Teacher’s Day is a particularly popular holiday for teachers. It usually includes a multitude of events culminating in a large party where teachers gather together to celebrate their hard work. One of the events leading up to the big celebration is a day when 11th grade students take over teaching responsibilities for teachers.
In my mind, students would collaborate with the teacher they were replacing, get some guidance on how to prepare for the lesson, and then the students would teach the lesson. I thought the teacher would be in the classroom to assist to avoid potential pandemonium.
This was not the case.
What seems common sense and efficient to me may not necessarily be what the local populous feels to be appropriate for a given event. A lot of the time, it’s tradition: It’s just how they have always done it. Why change it? It’s supposed to be like this. I am oblivious to this thought, more often than not.
It should be noted that none of the teachers came to school that day at my school.
The one class I could observe (their scheduling was very disorganized, from my point of view: students wandering the halls aimlessly, visiting each other’s classes, certain classrooms left completely empty for hours at a time) left me rather disappointed. The lesson was on present simple, and the topic to teach this was about going to school. What interesting activities did they have planned? Nothing. They wrote three exercises from the book on the board and told the students to start doing them. The book exercises took no time at all, but the teachers never checked the answers. After the 10 minutes it took students to do the work, they stood at the front of the class for an additional 20 minutes, talking to each other, talking to their friends who visited, taking pictures, and so on. The students lost interest rather quickly, resorting to tried and true ways of keeping oneself amused: chit chat, playing cell phone games, and hitting each other.
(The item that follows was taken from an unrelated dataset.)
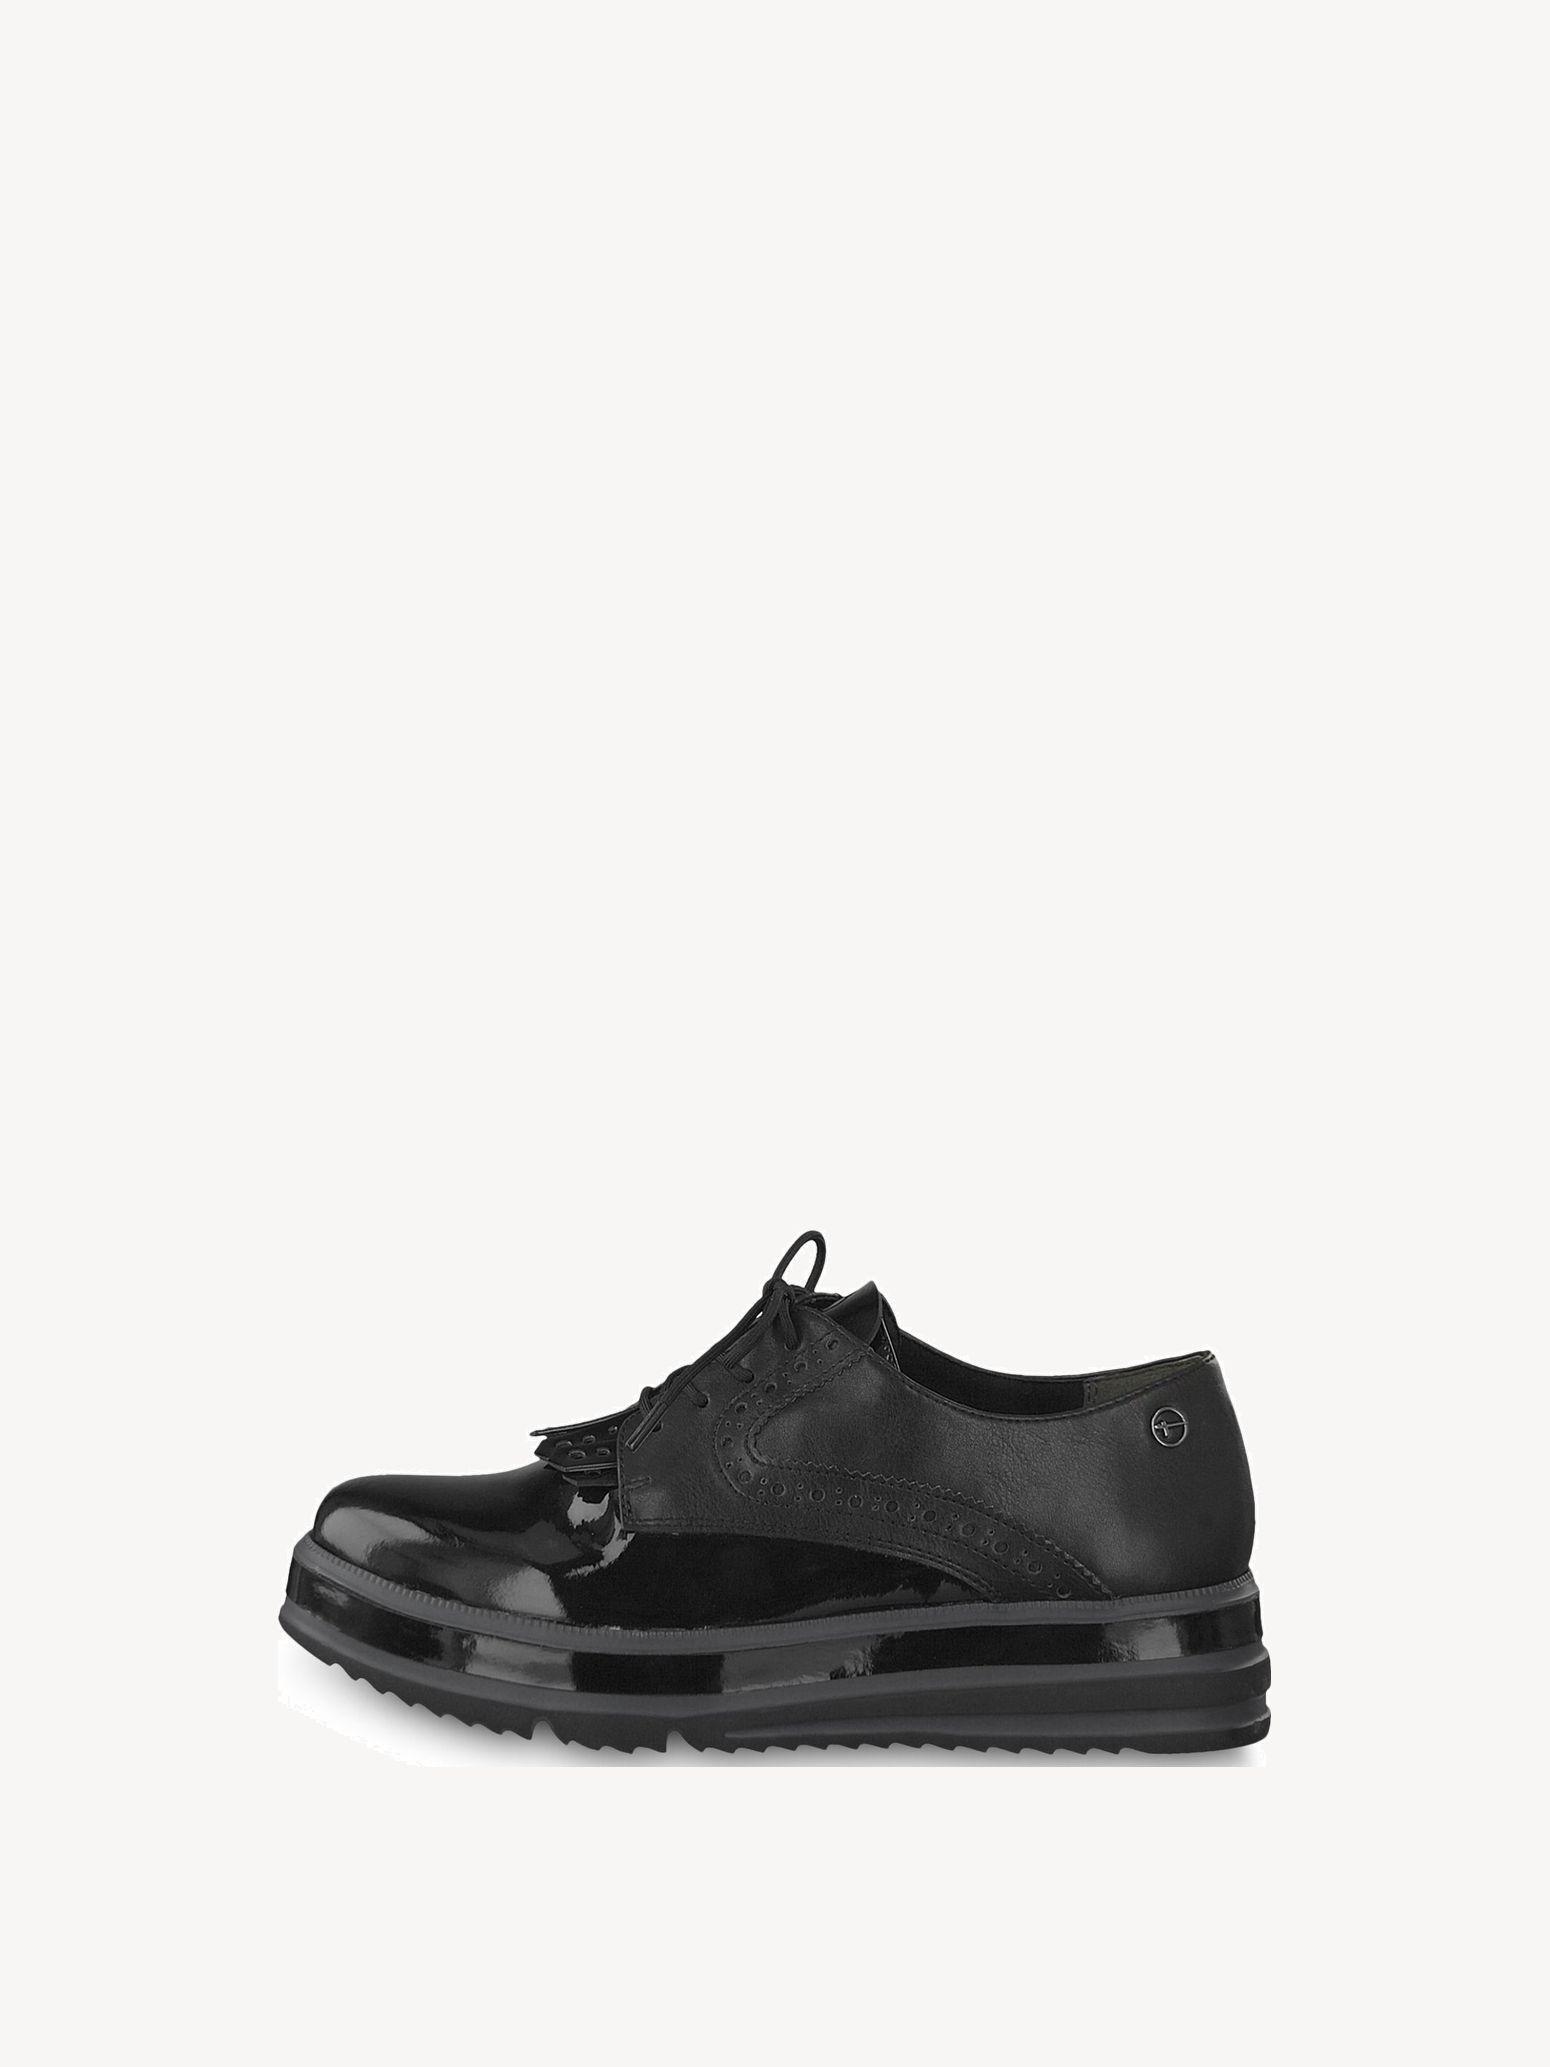 Sur Femmes En Ligne La Chaussures Boutique Pour Tamaris qSOEwU

It wasn’t until one of the students asked the teachers if they could do something with English that something happened. They played a game for five minutes, then the bell rang. The teachers rushed out, and the class leader made some announcements. After trying to find another English class to watch for 15 minutes, I gave up and went home.
At least I wasn’t in the second building, where, I am told, several fights broke out during the course of the day.
Why the chaos? The pandemonium?
I understand the thought process behind this: To show appreciation for their teachers, and to gain an understanding of how difficult it can be to wrestle 35 kids into submission, the graduating class takes over teaching duties. The teachers get to relax, and their chosen students step into their shoes and follow this proud tradition. My expectation of what I thought it should be, however, made the actual experience a bit bewildering. Maybe it’s supposed to be just this fun day where students just hang out and try to learn from each other. Maybe the English classes are just particularly difficult to teach. Either way, I wonder why I had the expectations that I did given the little information I received about it. Cultural bias, perhaps?
That’s hard to learn when you work in development work: Managing your expectations. I have found this particularly true in my work in Mongolia. I’ve gotten pretty good at doing this for my day to day dealings, but there are events like this that still throw me for a loop. There are a lot of good ideas that are thrown about out here, but poor execution sees those ideas shrink to half their potential. There’s not much to do other than to pick up, look at what went well, what didn’t, and hope the next event or activity goes a little better.